The whole undertaking can be divided into three parts – thought coevals and demand analysis, execution, and certification. We as a group of three worked as a squad from the beginning and worked all together in a common topographic point. In the brainstorming and demand analysis measure, we read book, extra resources, and lectures to so eventually come up what we want implement. All there members contributed same sum. My contemplation was on the algorithm choice for sycophant, and a topic country to look into. I came up with best-first sycophant and a subject in parallel calculating to seek among Swedish universities. In the execution stage, we code the undertaking all together. But some issues that we found complexnesss like, memory optimisation were handled by Ahmed at place subsequently after our work.

Here I was seeking to happen how a best first algorithm, parser and stripper work in existent life every bit good as how to decide a comparative URL to an absolute URL. I read book, took aid from one of my friend ( making PhD in USA in NLP ) and so summarized how we can implement these parts. In the presentation and study portion, we specifically divided the work into three parts. My portion in the presentation was to compose and show on Crawler algorithm, subject and URL query provender and consequences & A ; treatment countries. In the concluding study I contributed the same subject countries I did in the presentation.

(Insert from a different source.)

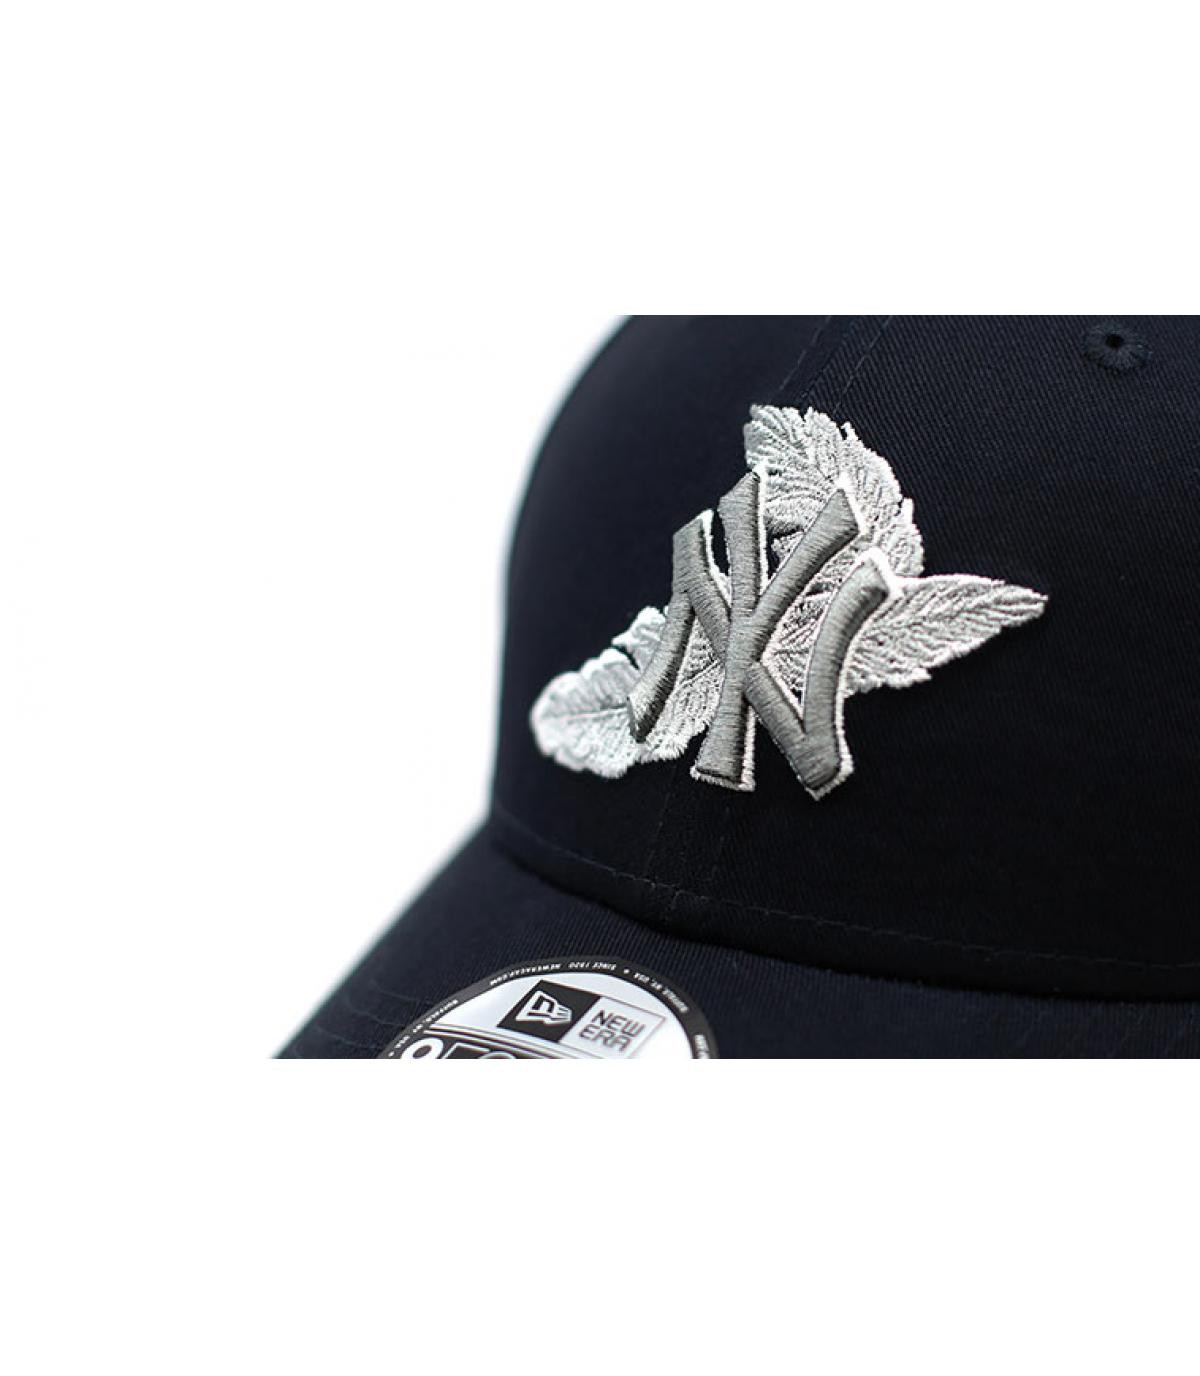 Details Cap MLB Light Weight NY 9Forty navy gray - Abbildung 3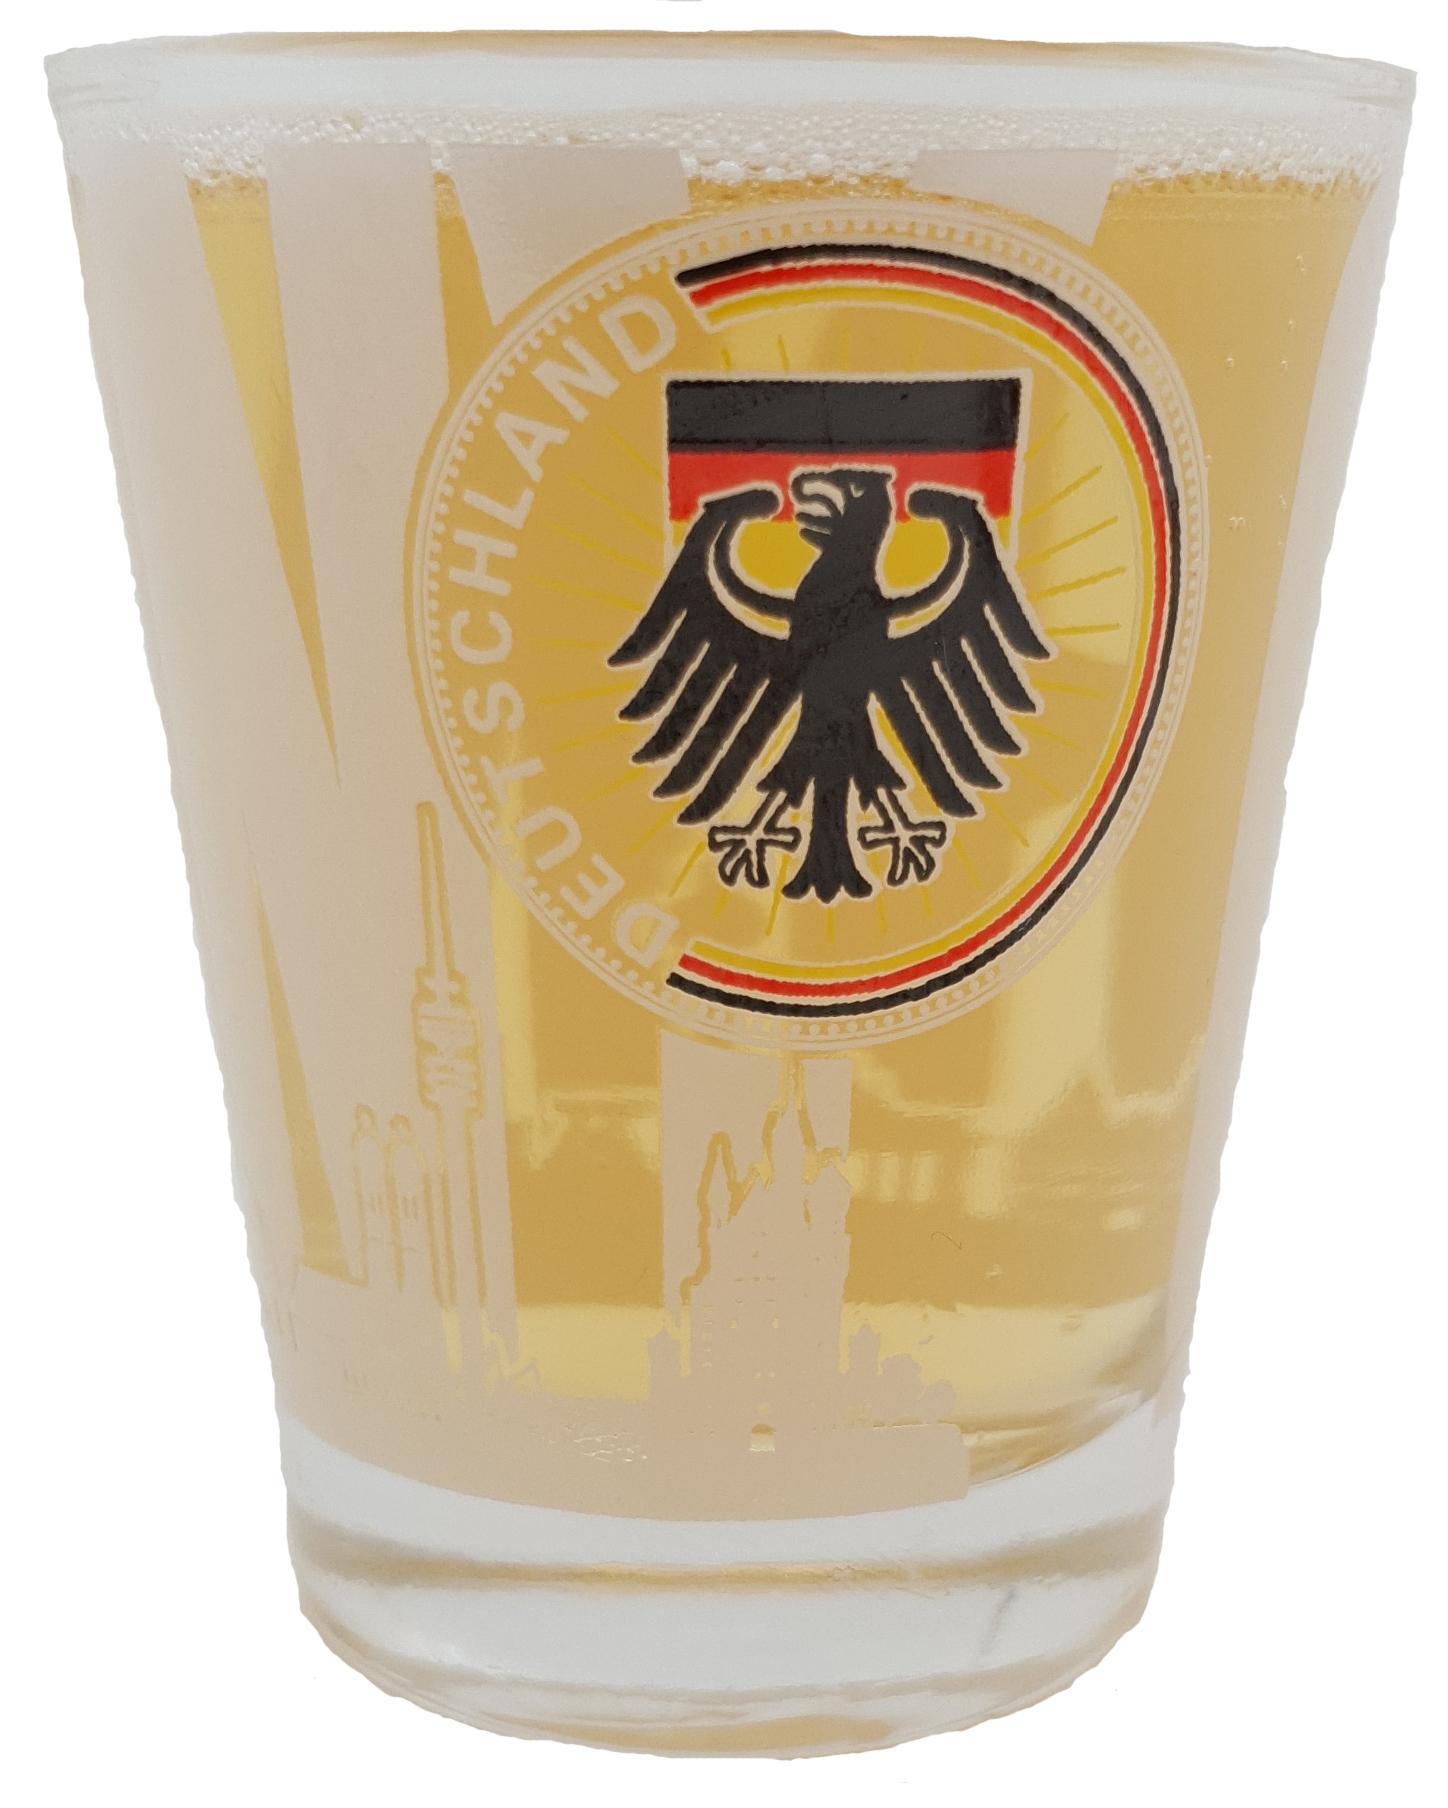 GER08-8021_Schnapsglas_Germany_Skyline_Stempel

Personal Reflection ( Ahmed Bile Hazi )

Personal contemplation ( Sinan Kanadan )

Our undertaking has been divided into three parts ; the pick of subject and the algorithm, execution and analysis & A ; consequences.

The resources that I have had information to run the undertaking ; class book, the Internet, lectures and treatment with the undertaking group.

All in the group have been worked with all parts, but each one has had a specific country to concentrate on. The portion that I have been most focused on, in our undertaking, is implementation subdivision, where I took attention of downloading web pages, parsing and tokenizing, stop-words and stemming, the URL extraction ( change overing of the comparative URL to absolute URL ) and the last measure to salvage the downloaded and graded pages. In short, the parts that I wrote in the study and present them in the seminar.

This class was wholly new to me and even though I jumped into the class two hebdomads after the class start, but I still learn a batch about how search engines work including the methods and algorithms to utilize, how the web sycophant procedure plants, etc.

It ‘s been a pleasance to work with my undertaking group. I have been proud that I have done a undertaking with my group. Our group can be described as a friendly, helpful, skilled, able to manage different effects in all state of affairss and do the occupation done in a short and smooth manner. I look frontward to work with the group in a big undertaking in the hereafter.

I would wish to thank our instructors for the interesting talks and merriment labs that helped us to hold an thought of the of import parts of both the undertaking and the class. A large thanks to our instructor Martin Hassel who has helped us to recognize our thought into a successful undertaking.